If you are developing or troubleshooting IMF workflows, the low-level detail needed to interpret track files, CPLs and other IMF artifacts can be found in the MXF and IMF core specifications.

The IMF Composition Playlist and core constraints are the heart and soul of IMF. These documents define the timeline model, audio channel labels, limits on MXF file layout, and many other details that make IMF what it is. The common use of these principles throughout the applications is a powerful design element, allowing re-use of software components in applications that differ by codec. For example, an program which transmits track files based on CPL references can operate without any knowledge of the codec in use.

What if I’m not ready for IMF workflow but need to make IMF deliverables?

How does PixelStrings fit in all this?

PixelStrings is a cloud platform built for media conversion andpicture finishing that supports a wide variety of image formats. IMF is an available output format appropriate for creating basic IMF compositions.

PixelStrings supports much of IMF Application 2, with frame rates from 23.98 to 60 including interlace support, in SD, HD, 2k, and 4k frame sizes. PCM audio is supported in stereo and 5.1 channel arrangements. The PixelStrings UI collects all of the required metadata items for the CPL, ensuring that the finished files will contain everything needed to pass industry accepted validation. PixelStrings has licensed CineCert’s Anini solution to do IMF wrapping, and is connected to the back end of the PixelStrings transcode engine to create a single pass solution for authoring IMF.

PixelStings uses all of Cinnafilm’s image processing technology to apply high-quality spatial resolution upscaling, de-noise and re-texturing, de-interlacing and frame rate conversion to the picture asset for optimal playback quality when authoring the final IMP, all in a single workflow job; this is done with the goal of making the highest quality version for playback.

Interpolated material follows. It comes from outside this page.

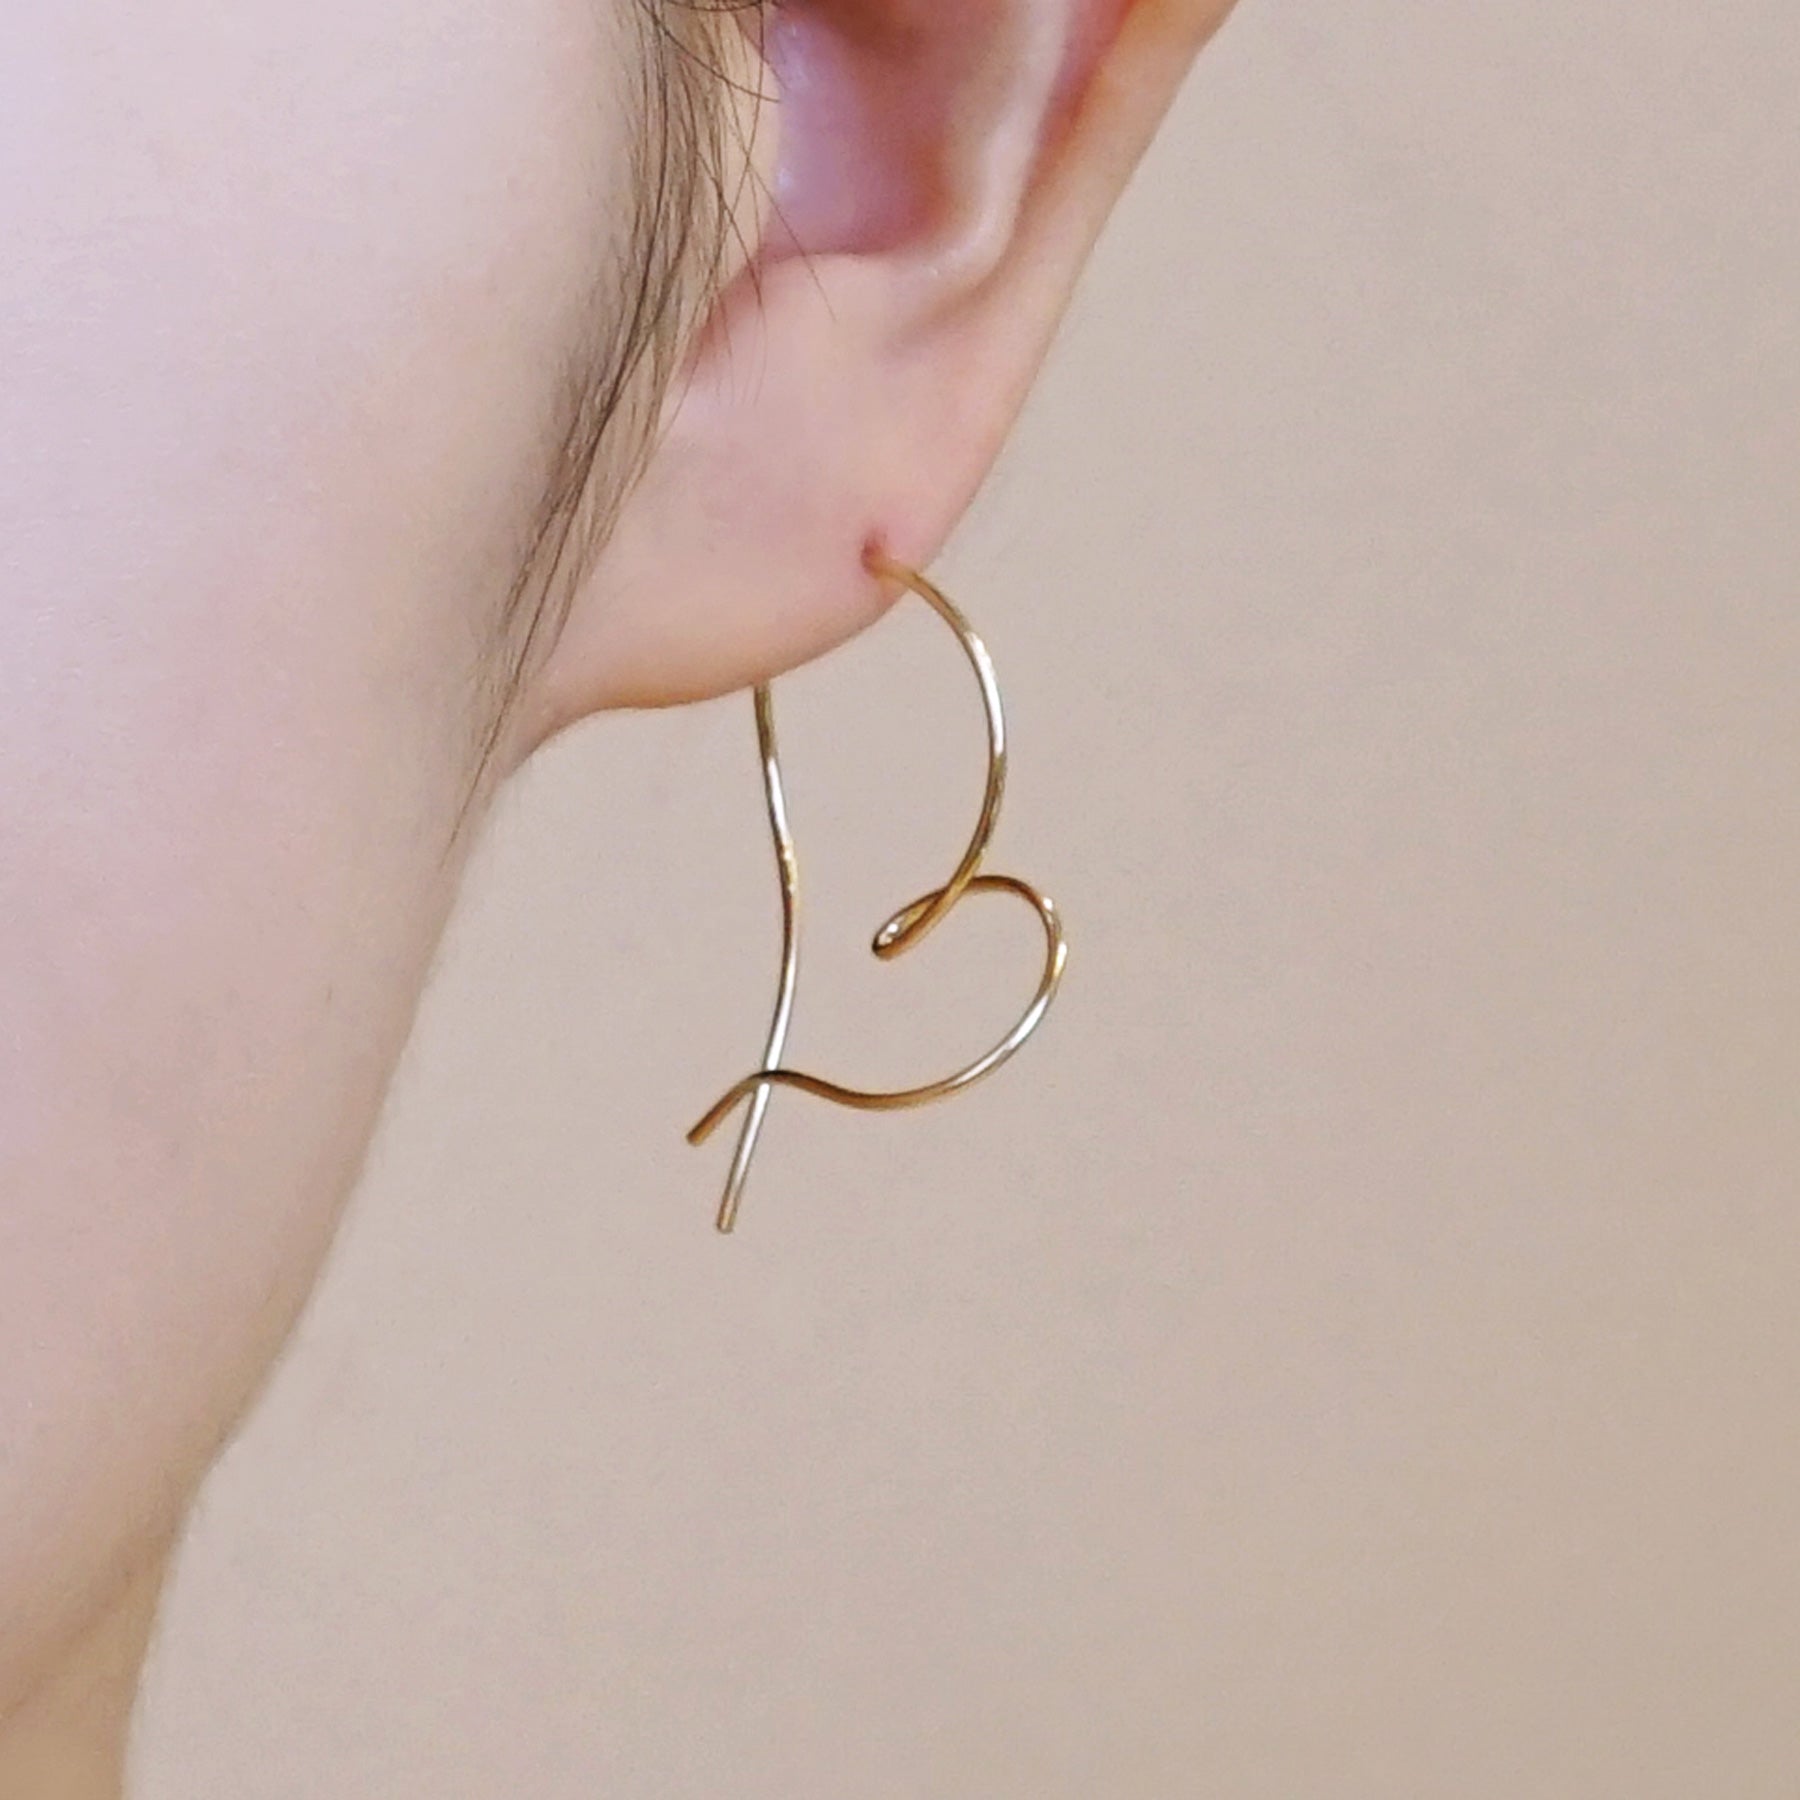 Gold Filled Twisted Heart Earrings - Model Image
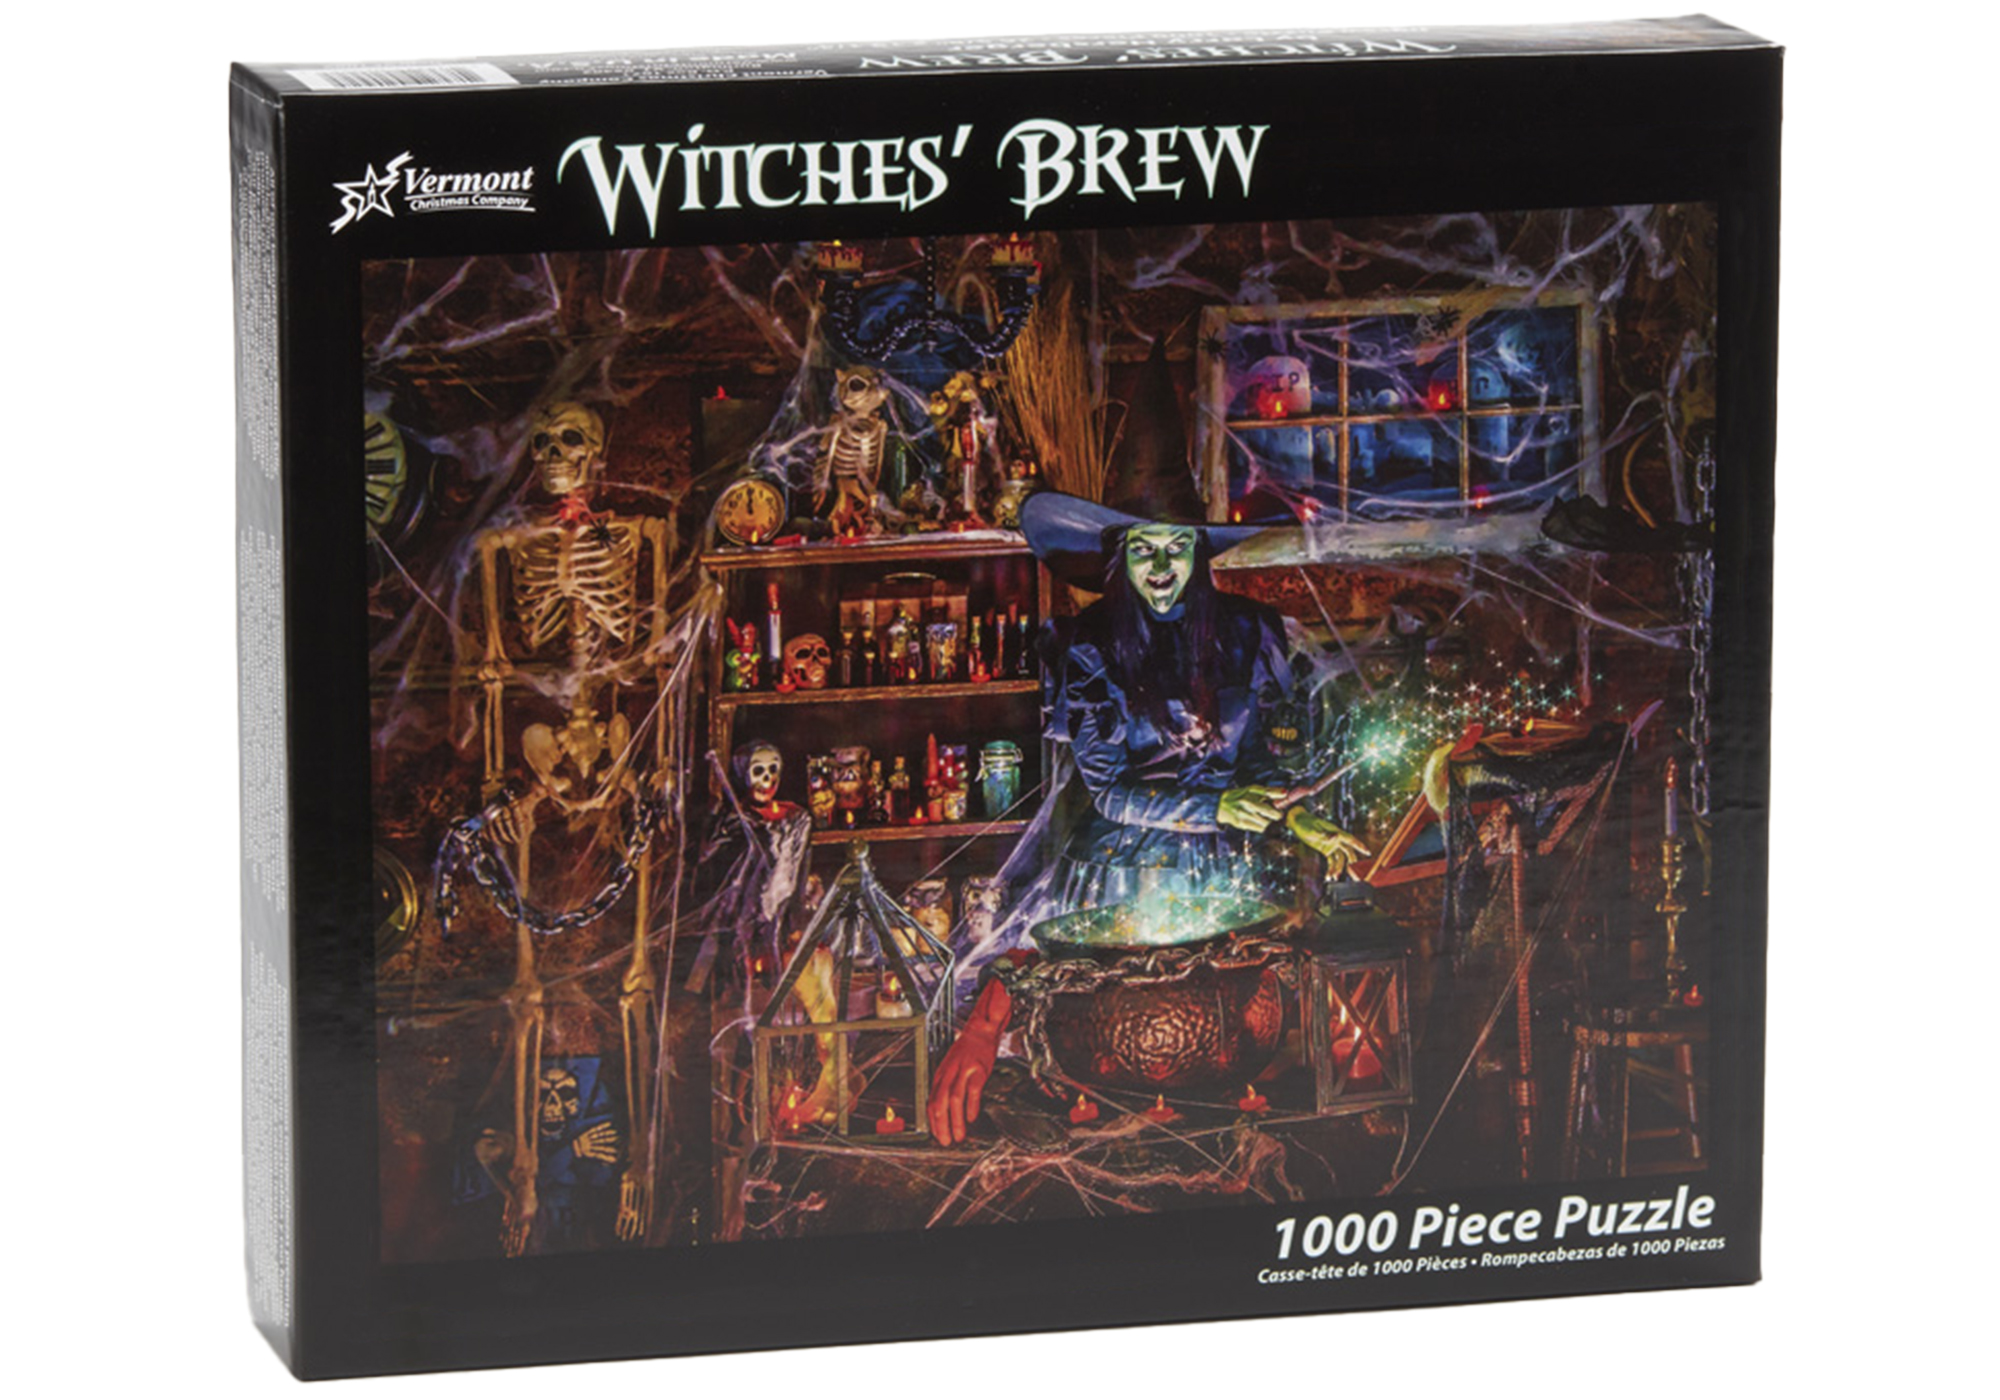 Vermont Christmas Company Witches' Brew Jigsaw Puzzle - 1000 Piece Halloween Puzzles for Adults with Randomly Shaped Pieces - Fully Interlocking Halloween Puzzles 1000 Pieces (26 5/8" x 19 1/4") - image 2 of 3

In addition, PixelStrings can remove broken cadence patterns that televisions cannot pick up, ensuring there is no stuttering in playback. Think of PixelStrings as the optimal machine to make progressive frames look and play as good as mathematically possible. Furthermore, in cases where a frame rate conversion introduces an output duration mismatch (an issue that cannot be generally avoided in conversions between certain pairs of frame rates), PixelStrings pads output tracks as needed to match the output durations, generating a standards-compliant IMP.

PixelStrings ensures that your resulting IMP output contains essence tracks that match exactly in duration, down to the exact number of audio samples, even if your original input asset contains essence tracks whose durations do not match. For example, an input asset can contain audio that is slightly longer (or shorter) in duration than the image track. PixelStrings uses padding, and not trimming, to ensure the entirety of your input asset contents are preserved in the final IMP.

Note that Netflix does not accept IMPs where the original material has undergone any frame rate conversion or spatial resolution upscaling, and IMPs must satisfy requirements on allowed frame rates, bit rates, and spatial resolutions. To address these requirements and to help you generate Netflix-compliant IMPs, PixelStrings provides pre-defined "Netflix-compliance" workflows (available soon).

Do I need a different IMP for each picture format?

Yes, you will need one for each framerate, and each resolution. This is one of the benefits of using PixelStrings to create these multiple assets, as high-quality image processing is critical to the process ensure each version looks visibly pure as possible at final target playout. Think of PixelStrings as the ultimate progressive frame based creation tool.